Komisi Dunia untuk Kawasan Konservasi (WCPA) dari IUCN – badan konservasi dunia – menganugerahkan penghargaan Kenton Miller tahun ini kepada tiga tokoh konservasi dari Indonesia. Penghargaan bergengsi ini diberikan dua tahun sekali kepada individu atau kelompok yang dinilai memiliki pendekatan inovatif dalam upaya konservasi dan perlindungan ekosistem.
Dari sejumlah tokoh konservasi yang dinominasikan dari seluruh dunia, tahun ini penghargaan itu diberikan kepada trio Sukianto Lusli, Agus Budi Utomo, dan Yusup Cahyadin. Ketiganya merupakan tokoh yang berjasa mengembangkan serta menerapkan pendekatan inovatif untuk pelestarian hutan di Indonesia melalui restorasi ekosistem.
Dengan keteguhan serta advokasi mereka, trio tersebut berhasil mempengaruhi kebijakan dan peraturan terkait pengelolaan hutan alam produksi sehingga dapat memberi sumbangsih untuk konservasi.
Sukianto merupakan mantan Direktur Eksekutif Burung Indonesia yang bersama Yusup merintis restorasi ekosistem di hutan alam produksi selama masa kerjanya di Burung. Awalnya, inisiatif tersebut dianggap tidak populer karena hutan produksi selama ini merupakan sumber devisa negara kedua terbesar dari kayu yang dihasilkan.
Namun, berkat kerja keras mereka melakukan advokasi, pada 2004 Kementerian Kehutanan mengeluarkan keputusan terkait Ijin Usaha Pemanfaatan Hasil Hutan Kayu-Restorasi Ekosistem (IUPHHK-RE). Dengan ijin usaha ini hutan alam produksi yang tidak produktif dapat dikelola untuk konservasi. Hal ini dapat dilakukan karena dalam IUPHHK-RE terdapat ketentuan yang melarang pengelola melakukan pemanenan kayu komersial selama masa restorasi.
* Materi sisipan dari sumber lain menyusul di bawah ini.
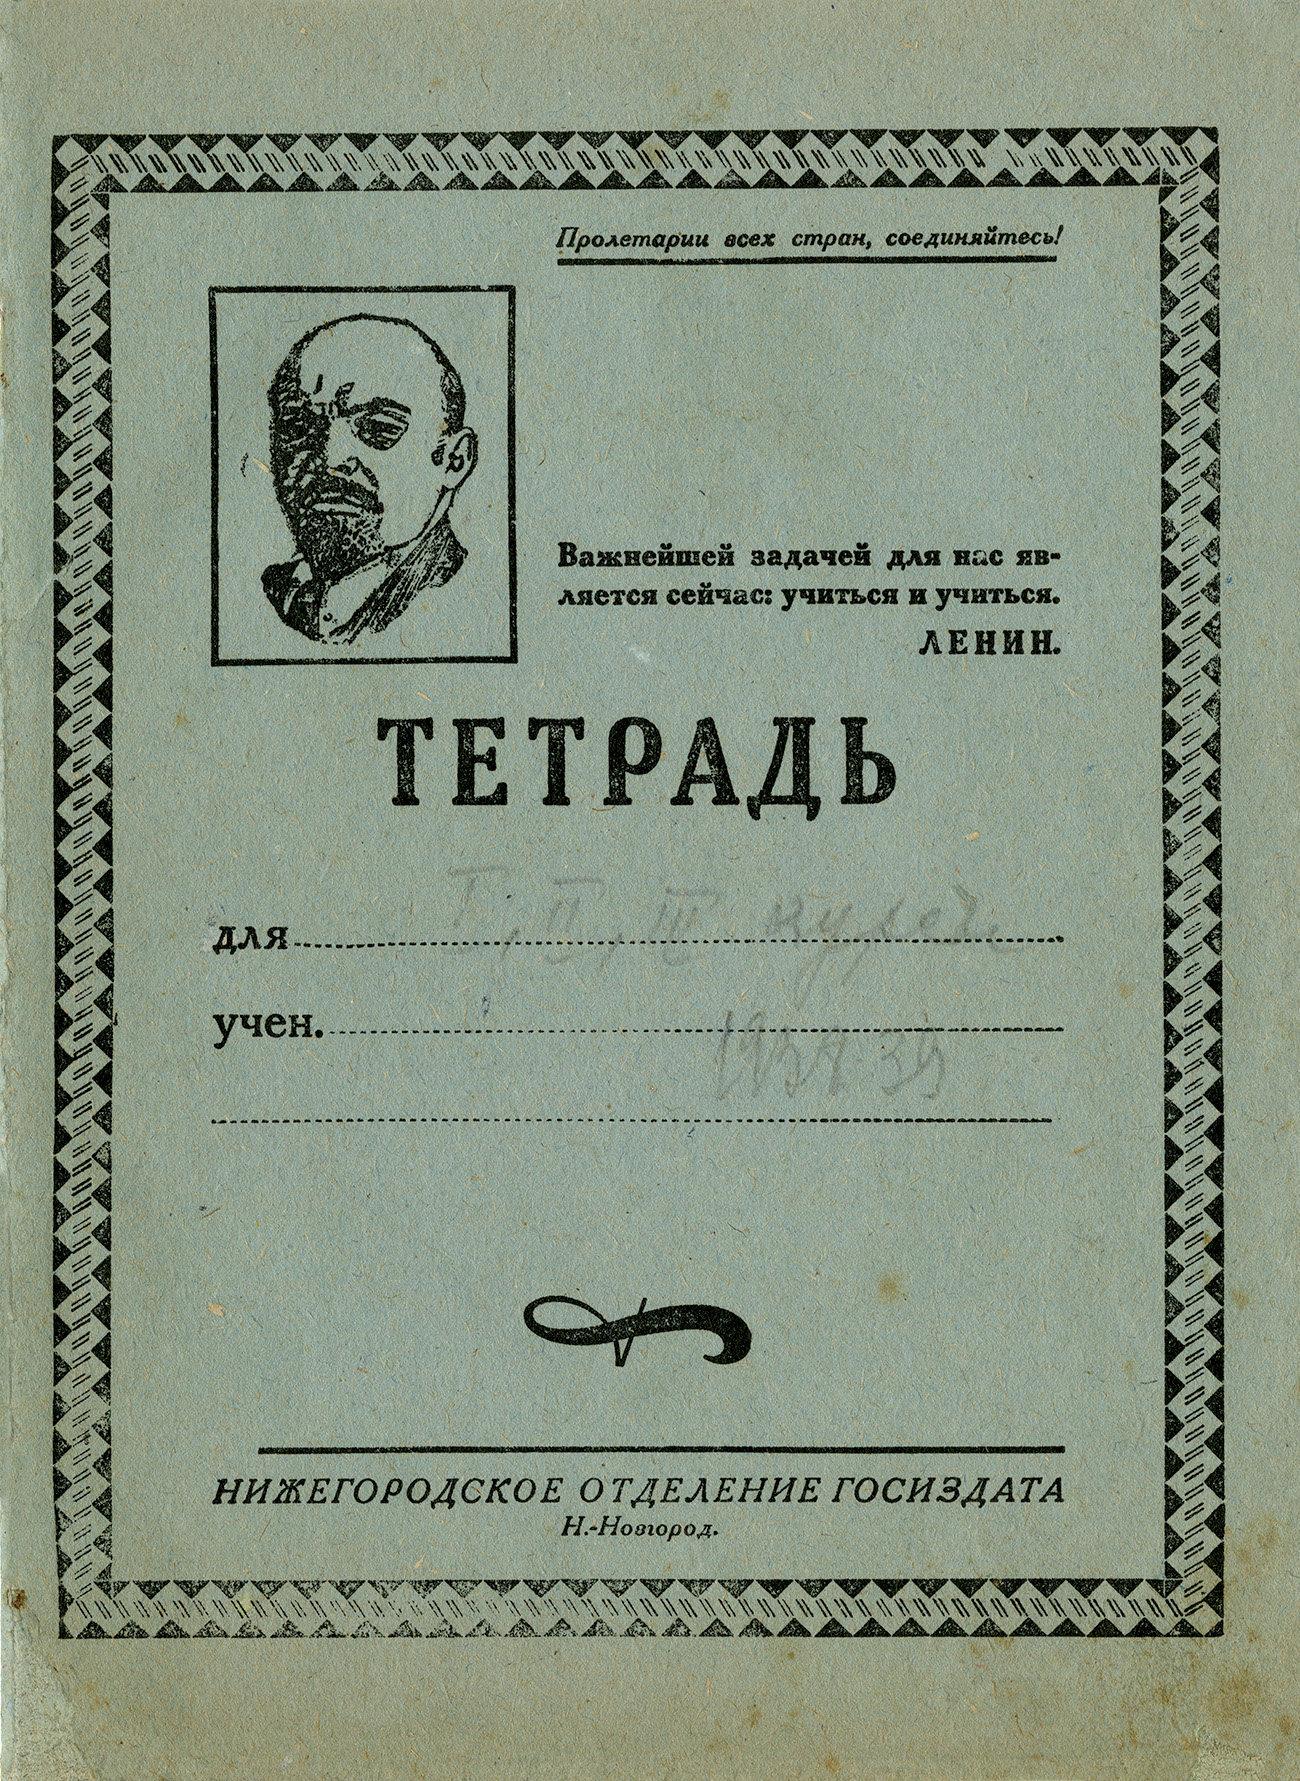 Тетрадь Ленин, 1932, Н. Новгород, 155х210

IUPHHK-RE pertama diterbitkan pada 2007 untuk hutan produksi seluas 52.170 hektar di Sumatera Selatan. Konsesi tersebut diajukan oleh PT REKI, perusahaan restorasi ekosistem yang dibentuk oleh konsorsium Burung Indonesia, BirdLife International, dan Royal Society for the Protection of Bird. Tiga tahun kemudian selama kepemimpinan Agus di Burung Indonesia, PT REKI memperoleh ijin serupa untuk hutan produksi seluas 46.385 hektar di Jambi yang bersebelahan dengan konsesi pertama. Kedua konsesi tersebut kemudian dikenal dengan nama Hutan Harapan.
Setelah peraturan tentang RE diterbitkan, perjuangan mereka tidak berhenti. Agus berusaha mendorong penguatan peraturan RE sehingga penerapan RE sebagai inovasi untuk pelestarian hutan di luar kawasan konservasi dapat berjalan lebih baik.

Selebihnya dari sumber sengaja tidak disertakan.